A deep dive involves searching out more detail. “Directors might need to talk to someone outside the organisation who can give a robust opinion without fear of retribution,” Wright adds.
Smout also encourages boards to look beyond management for information. “The longer you’ve been on a board the easier it is to become complacent and go along with what you’re being told by senior management,” he says. “I think it’s vital that directors have their own process for being professionally sceptical. That isn’t being distrustful, it’s just a way of ensuring you have the full picture.

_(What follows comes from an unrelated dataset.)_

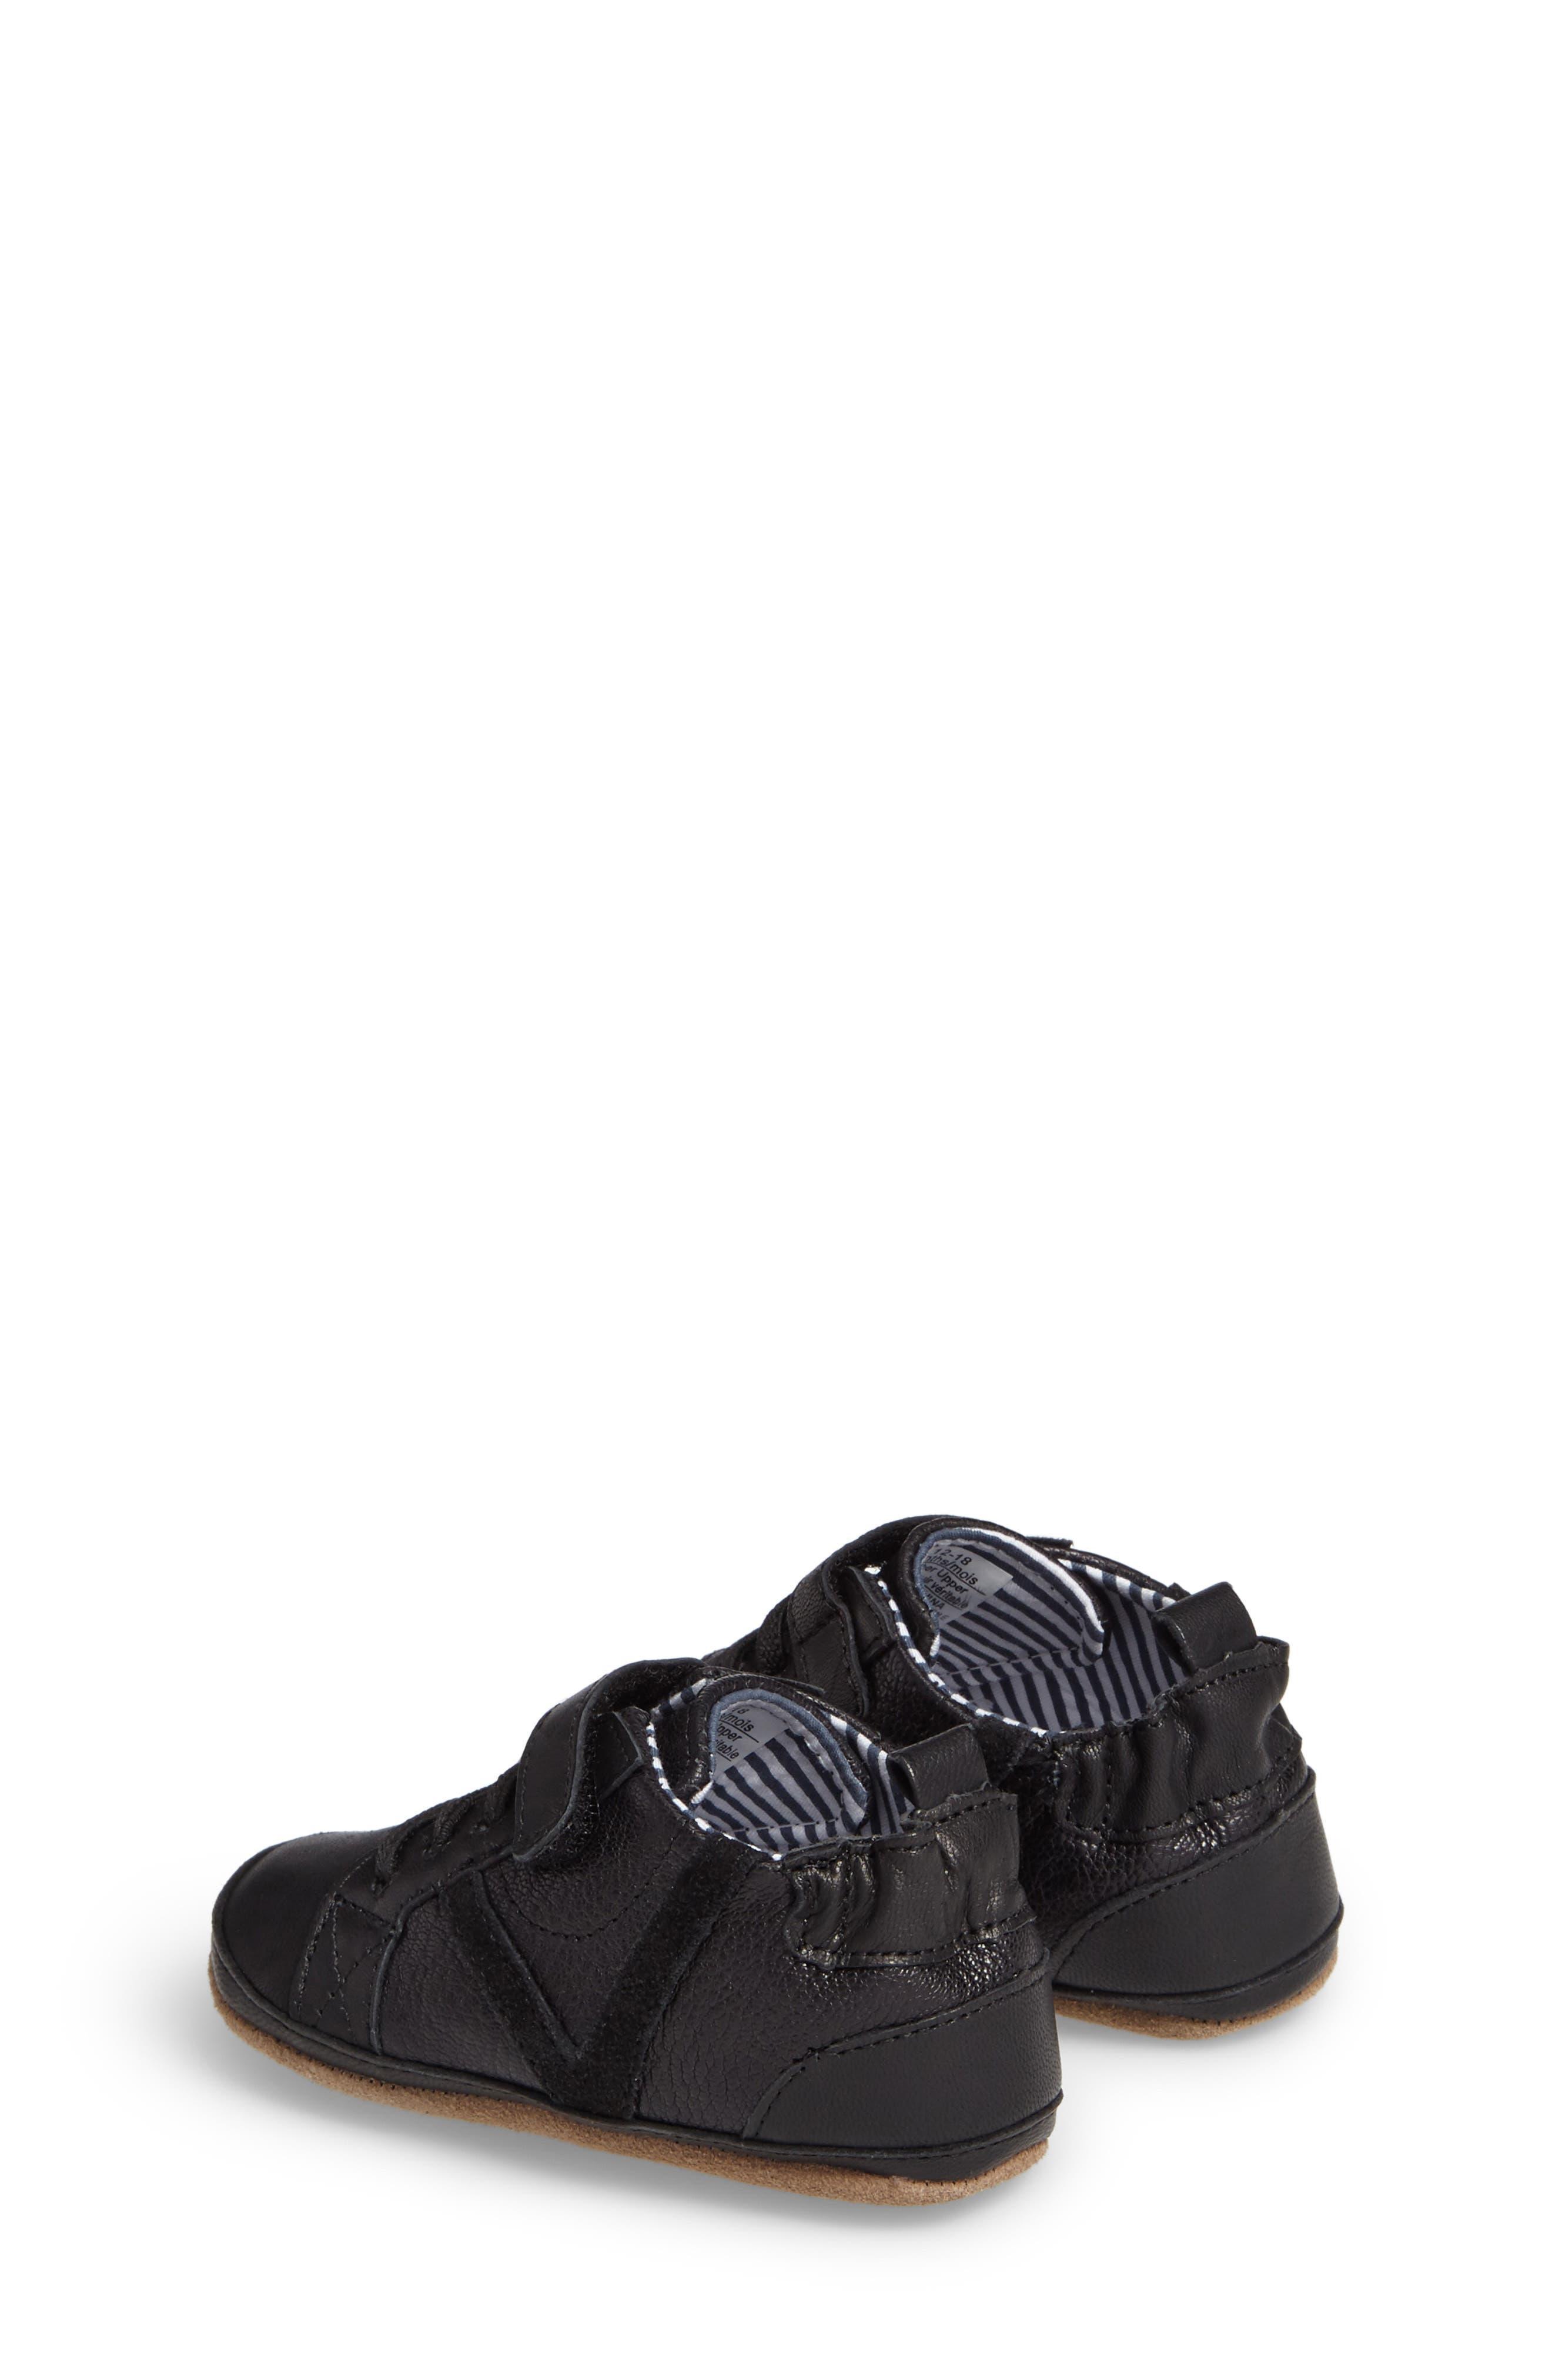 Asher Crib Shoe,                             Alternate thumbnail 2, color,                             Black

“For example, many successful boards invite members of the broader management team into the boardroom for discussions or meet them in a less formal setting. Site visits can also help directors to form their own view. This should corroborate what you’re hearing from management and, if it doesn’t, you can ask further questions.”
Making use of technology
It is ironic that directors who take their responsibility for managing the company’s risk very seriously can be blind to their own risky behaviours.

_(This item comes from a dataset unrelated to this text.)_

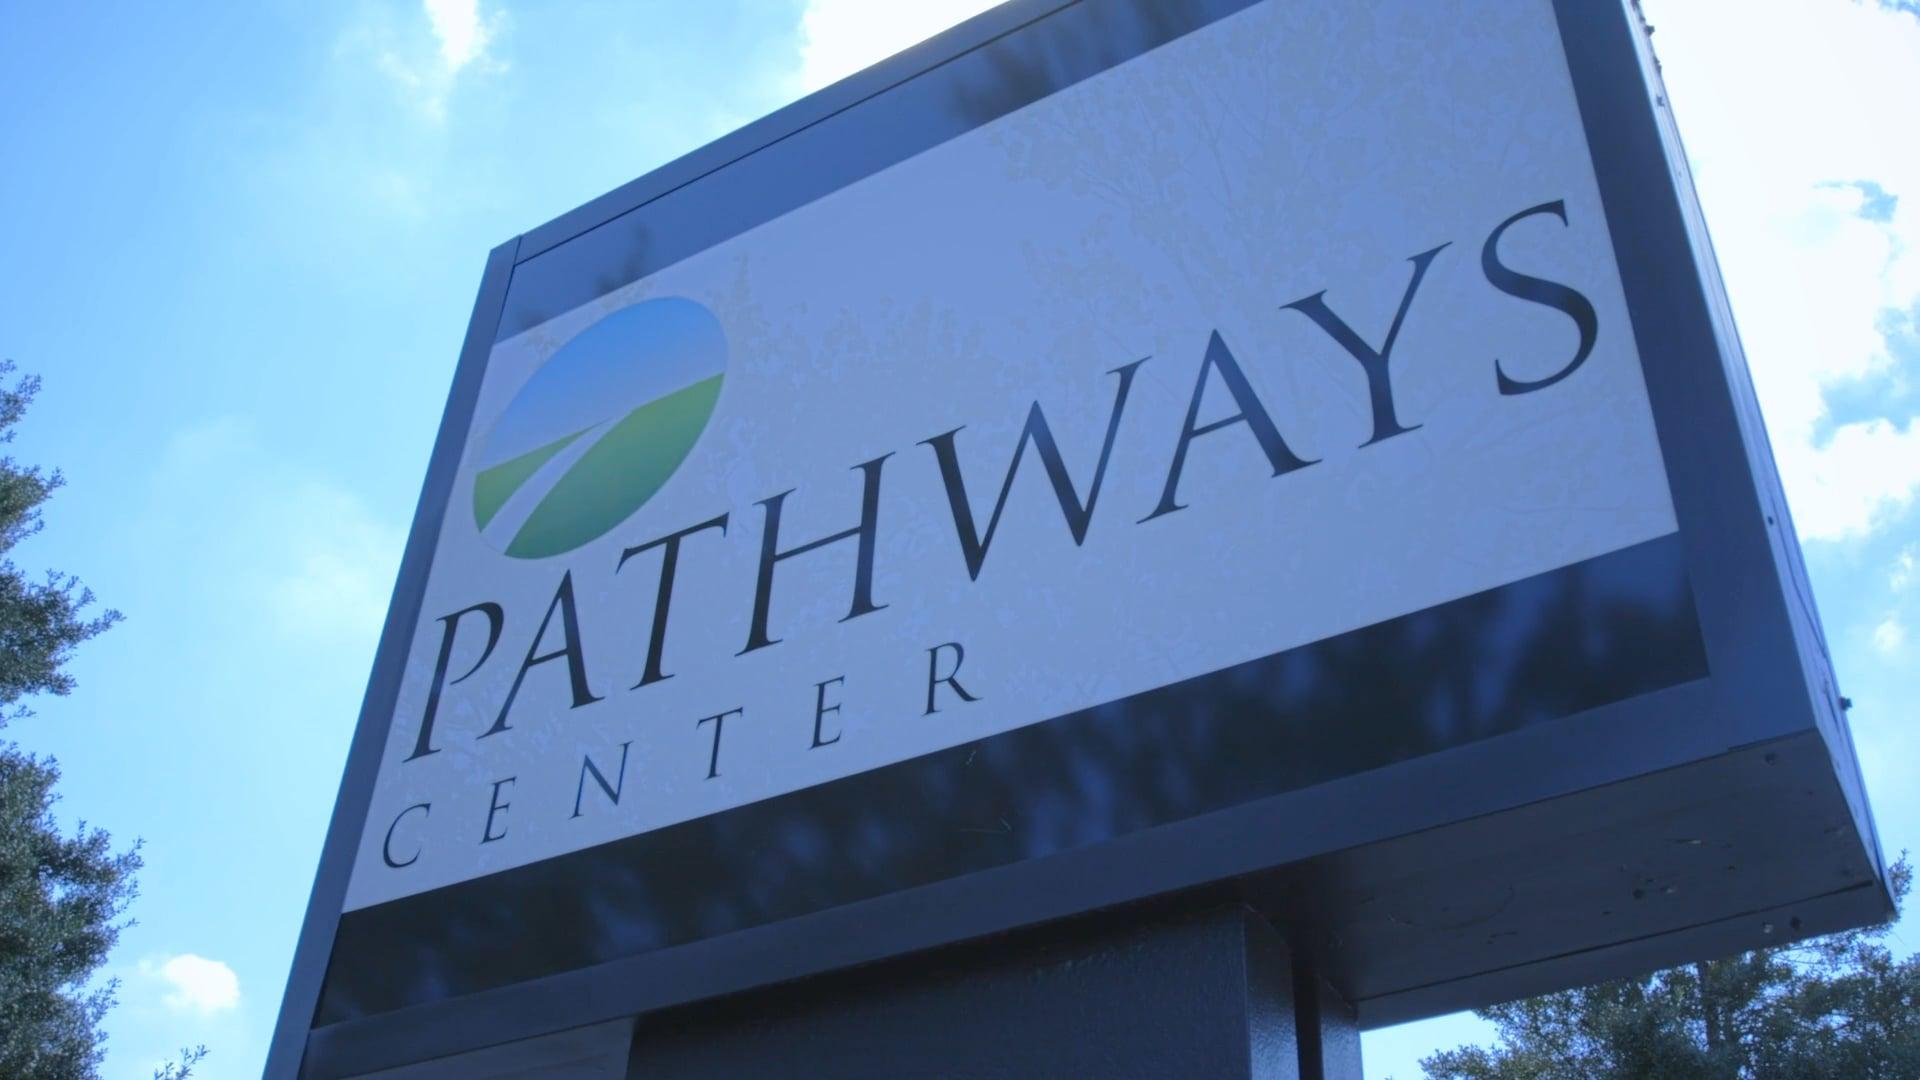 Pathways Center

“I have often walked into the business centre of a hotel and seen a board-like document sitting on a printer when someone has forwarded last-minute information to a director who is staying there,” says Brian Stafford, chief executive officer of Diligent Boardbooks. “It’s also common to see files and folders lying around in an airport lounge.”
Digital portals are far more secure than paper. An administrator can lock information so that only the intended recipient can read it and ensure that it can’t be printed or emailed. If a device is lost or stolen, sensitive information can immediately be wiped. Digital portals even make life easier for directors by allowing them to carry any number of board papers on a single tablet or laptop – yet still the majority of boardrooms are paper based.
“A total of 85 per cent of our new sales are replacing paper and printers,” says Stafford. Katsigarakis tells a similar story. “There are tools that can provide multinational organisations with a real-time view of exactly what their company looks like everywhere they have a presence, yet many of our clients still use spreadsheets and ad hoc systems to manage their international reporting,” he says.
“Risk management is increasingly complex and demanding. Directors should be taking advantage of all of the processes and systems that can help them to do the best possible job.”
Risk management 10-point checklist
1. Keep up with the new digital environment. Whatever the industry, directors must understand social media and new and emerging delivery models.
2. Consider separating the risk committee from the audit committee to reduce the audit committee’s workload and ensure risk gets the attention it deserves.
3. Make sure that management is linking strategic risks with operational risks.
4. Don’t rely on information provided by senior management. Draw on as many sources as you need to ensure you have the full picture.
5. Encourage diversity of thinking by making sure the board includes men and women with different skills, backgrounds and experience.
6. Use scenario planning to prepare for an event and consider how one event could flow on to another.
7. Prioritise compliance and a compliance culture within the organisation and across the supply chain.
8. Set up a framework of proactivity, reactivity and remediation.
9. Combine a “shallow dive” of scanning the horizon for emerging risks with a “deep dive” of acquiring more detailed information when you need it.
10. Keep up to date with technology that can help boards to log, measure and monitor risk in real time.